Firstly, we'll create the following function, which converts INTERVAL DAY TO SECOND
values into seconds:
CREATE OR REPLACE FUNCTION intvl_to_seconds(
p_interval INTERVAL DAY TO SECOND
) RETURN NUMBER DETERMINISTIC
AS
BEGIN
RETURN EXTRACT(DAY FROM p_interval) * 24*60*60
+ EXTRACT(HOUR FROM p_interval) * 60*60
+ EXTRACT(MINUTE FROM p_interval) * 60
+ EXTRACT(SECOND FROM p_interval);
END;
/
With this function we can use a query such as the following:
SELECT d1.time,
d1.value AS value1,
q2.prev_value + intvl_to_seconds(d1.time - q2.prev_time) * (q2.next_value - q2.prev_value)/intvl_to_seconds(q2.next_time - q2.prev_time) AS value2
FROM devices d1
LEFT OUTER JOIN (SELECT d2.time AS prev_time,
d2.value AS prev_value,
LEAD(d2.time, 1) OVER (ORDER BY d2.time) AS next_time,
LEAD(d2.value, 1) OVER (ORDER BY d2.time) AS next_value
FROM devices d2
WHERE d2.deviceid = 2) q2
ON d1.time BETWEEN q2.prev_time AND q2.next_time
WHERE d1.deviceid = 1;
I took your data above, set the date component of the timestamps to today, and I got the following results when I ran the query above:
TO_CHAR(D1.TIME) VALUE1 VALUE2 ------------------------------------- ---------- ---------- 09-SEP-11 01.00.00.000000 1 09-SEP-11 01.00.01.000000 1.03 552.517625 09-SEP-11 01.00.02.000000 1.063 552.404813
(I added a TO_CHAR
around d1.time
to cut down on excessive spacing in SQL*Plus.)
If you're using DATE
s instead of TIMESTAMP
s, you don't need the function: you can just subtract the dates.
回答2:
I am using a modified version of @Luke Woodward's query:
SELECT d1.time,
d1.value AS value1,
q2.prev_value +
(EXTRACT( SECOND FROM (d1.time - q2.prev_time)) +
EXTRACT( MINUTE FROM (d1.time - q2.prev_time)) * 60 )
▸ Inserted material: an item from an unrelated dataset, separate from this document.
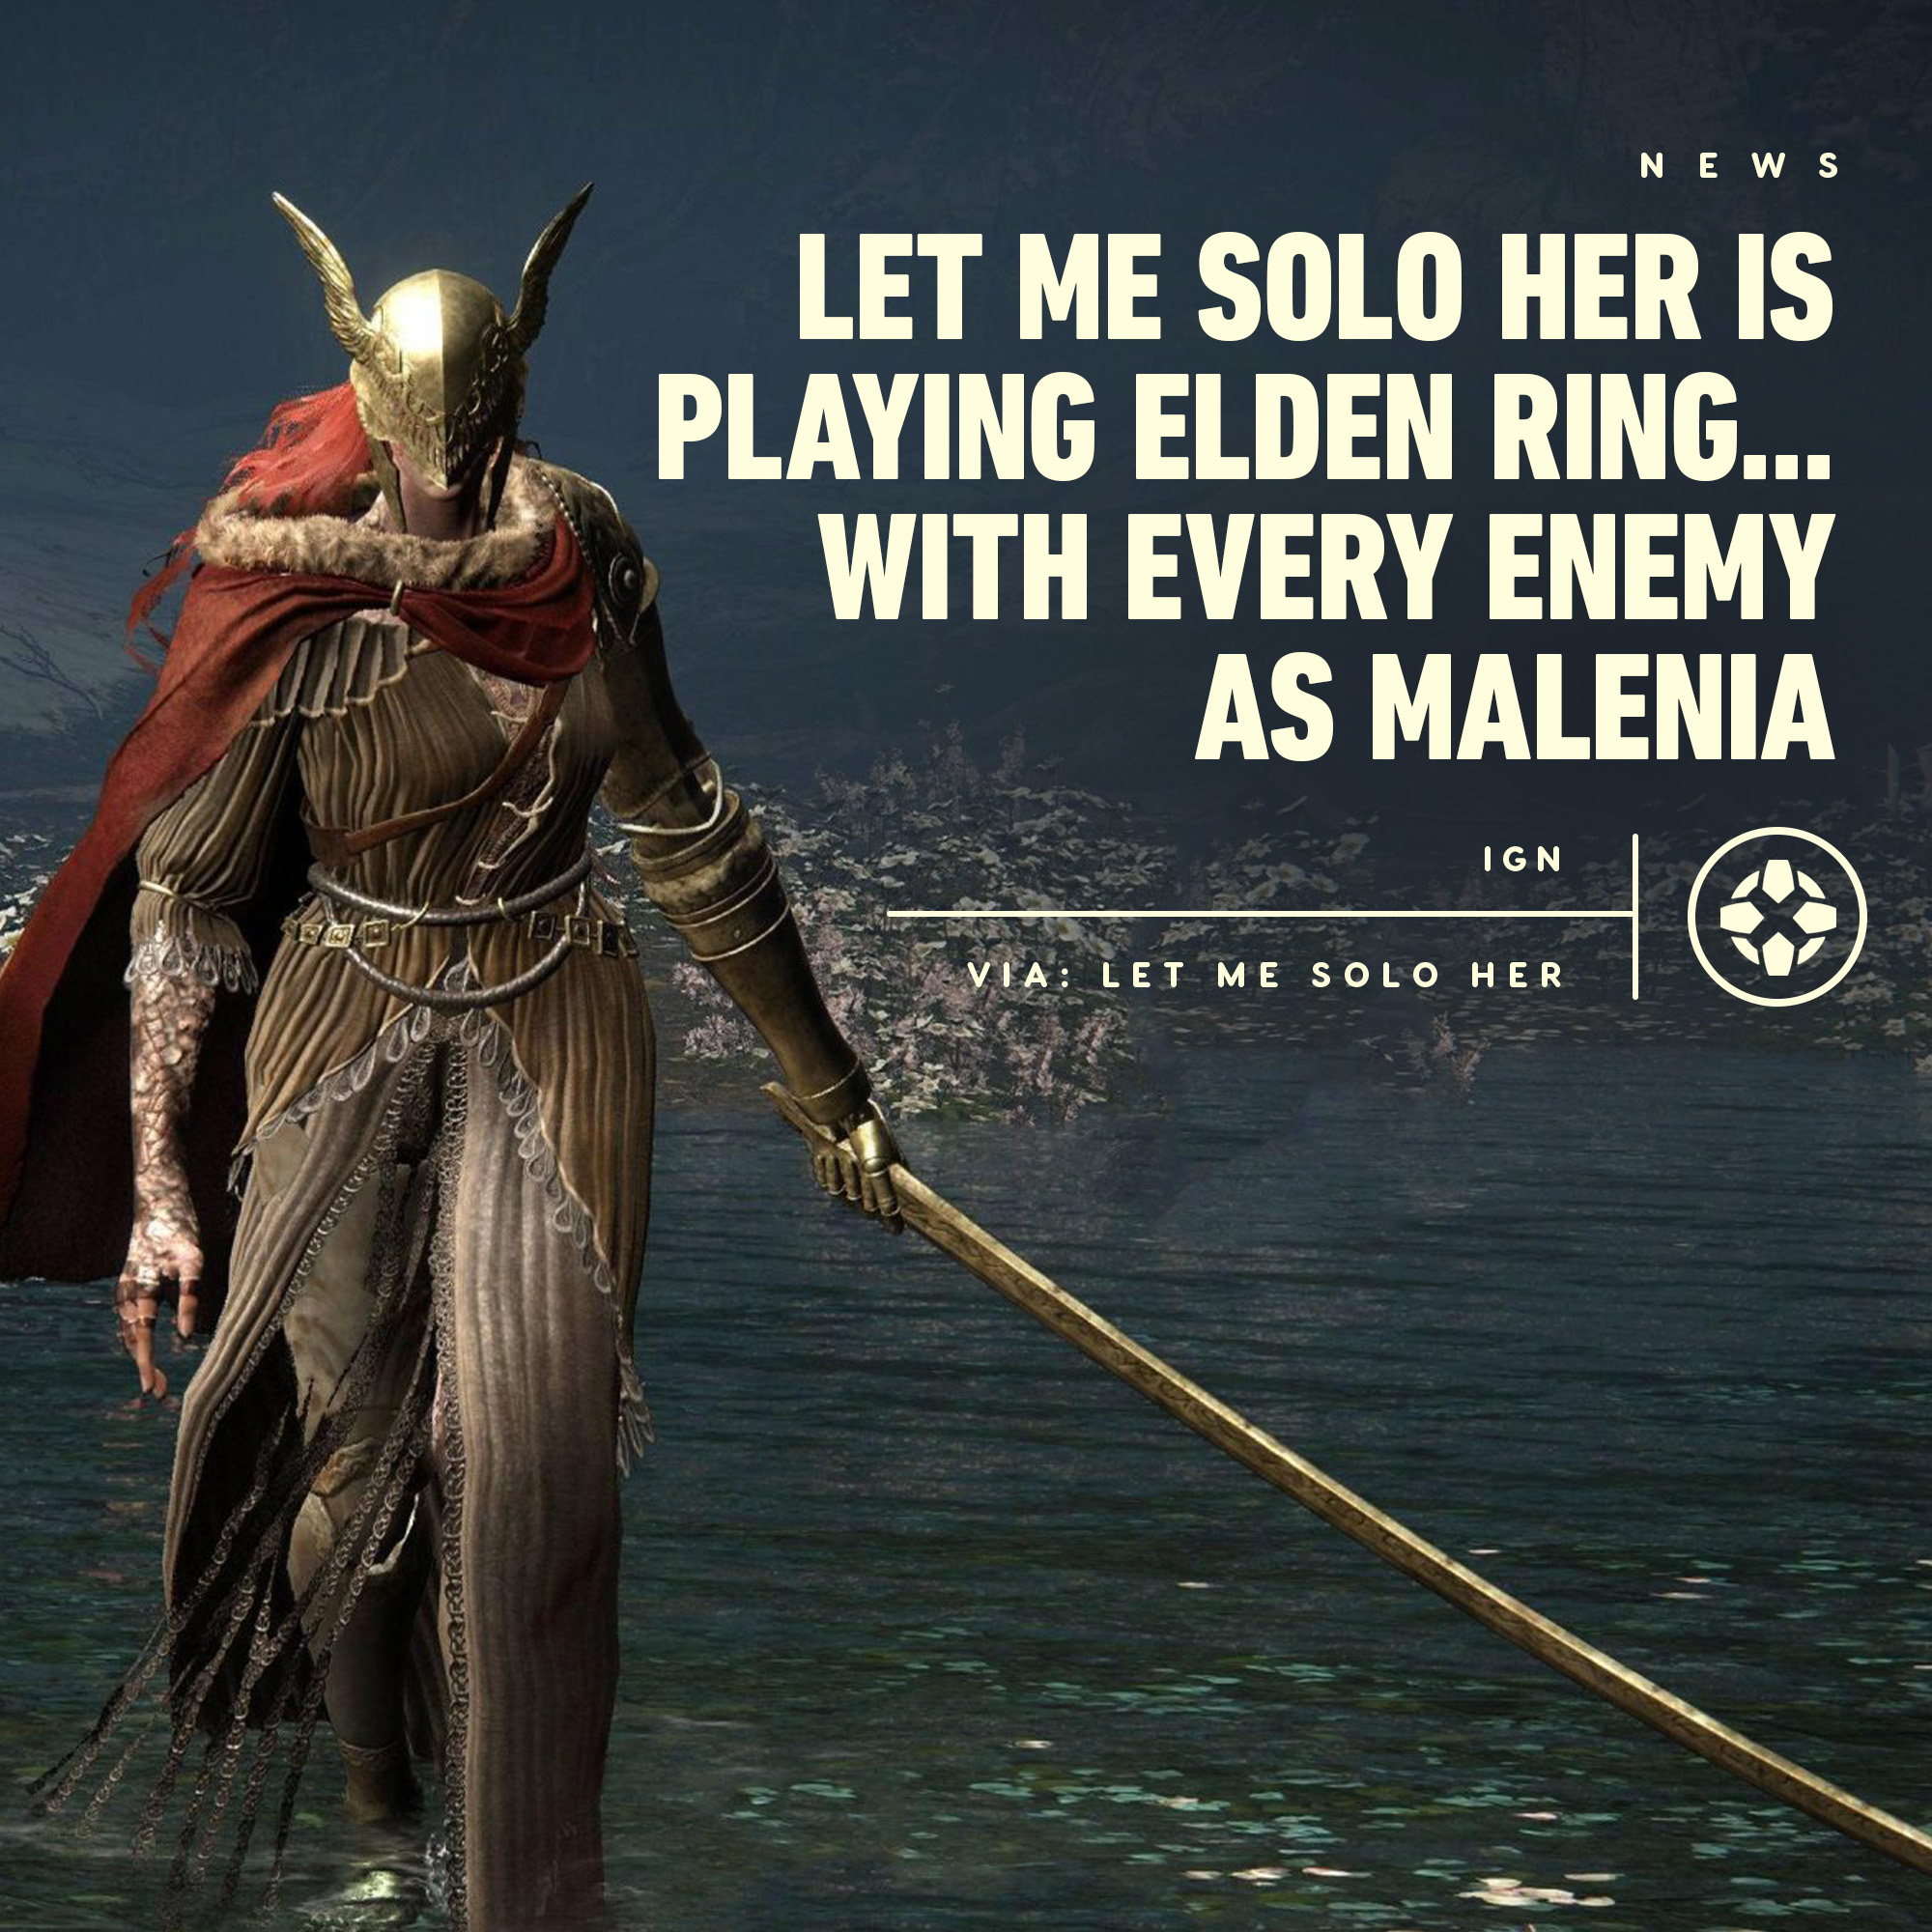 IGN on X: Let Me Solo Her, the legendary Elden Ring player known

* (q2.next_value - q2.prev_value)/
(EXTRACT ( SECOND FROM (q2.next_time - q2.prev_time)) +
EXTRACT ( MINUTE FROM (q2.next_time - q2.prev_time)) * 60) AS value2
FROM devices d1
LEFT OUTER JOIN (SELECT d2.time AS prev_time,
d2.value AS prev_value,
LEAD(d2.time, 1) OVER (ORDER BY d2.time) AS next_time,
LEAD(d2.value, 1) OVER (ORDER BY d2.time) AS next_value
FROM devices d2
WHERE d2.deviceid = 2
and time between '20100914 000000' and '20100915 000000'
) q2
ON d1.time BETWEEN q2.prev_time AND q2.next_time
WHERE d1.deviceid = 1;
but the interpolated values are always coming up as null, even though there is data for device 2 in the date range.
Note, I had to add a date range for the query in q2 which is perhaps why the normal join loses the outer data.
I don't get null values for the interpolated data if I use a normal join, but in using a normal join, I lose the data for the device 1 outside the endpoints for device 2 (the interpolated device in q2). Suggestions?
回答3:
The final solution with the date range:
SELECT
d1.time,
d1.value AS value1,
q2.prev_value +
(EXTRACT( SECOND FROM (d1.time - q2.prev_time)) +
EXTRACT( MINUTE FROM (d1.time - q2.prev_time)) * 60 )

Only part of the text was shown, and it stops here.